Hugo and Isadora’s husband, Enrique (Alejandro Sieveking), are relatively sane compared to their partners, and they – along with a few other family members who drop by — attempt to diffuse the toxic energy brewing between mother and daughter. Rosario at first comes across as the villain in the situation, but we learn that Isadora was a particularly cold and icy mother who hand-picked Rosario out of all of her children for neglect.

Rosario and Hugo’s relationship are treated normally by Isadora — that is, sarcastically. Hugo’s real name is Beatrice, and Isadora refuses to call Hugo by her chosen name, thinking it silly for a woman to be named Hugo. When Rosario disparages her mother’s cats, Isadora responds that she has cats because she won’t have grandchildren.

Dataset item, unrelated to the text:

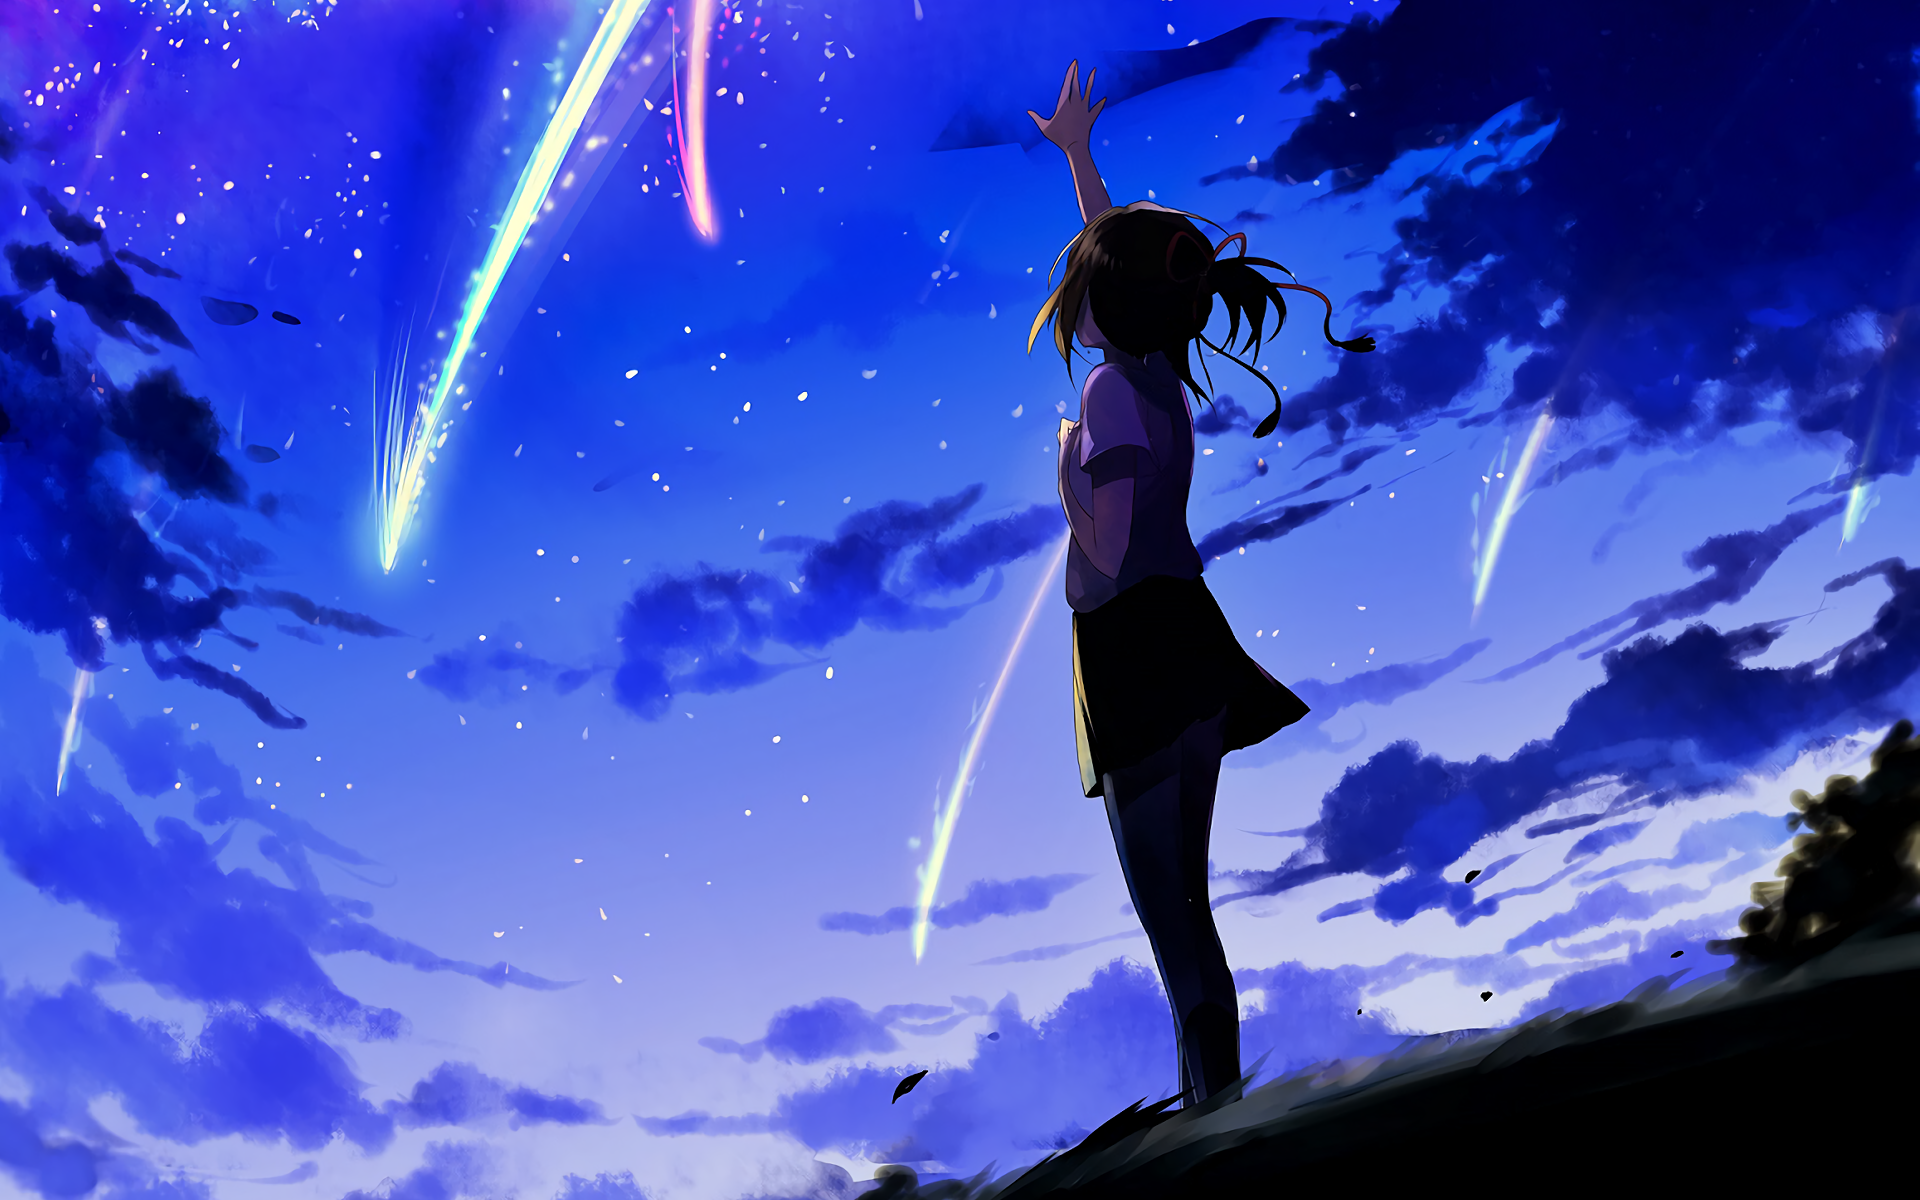 Anime Hd Kimi No Na Wa Wallpapers Wallpaper Cave

Mother and daughter simply have nothing nice to say to each other.

By the end of the film, though, Rosario and Isadora do show glimmers of compassion for each other, with Isadora showing a rare moment of concern for Rosario by following her down eight flights of stairs, busted hip and all. When Isadora becomes distracted by a group of actors in bee costumes and gets lost in the park, her mind temporarily out of commission, Rosario comes running to her rescue, and her histrionics appear to originate from genuine caring.

Old Cats is currently playing in the U.S. in limited release.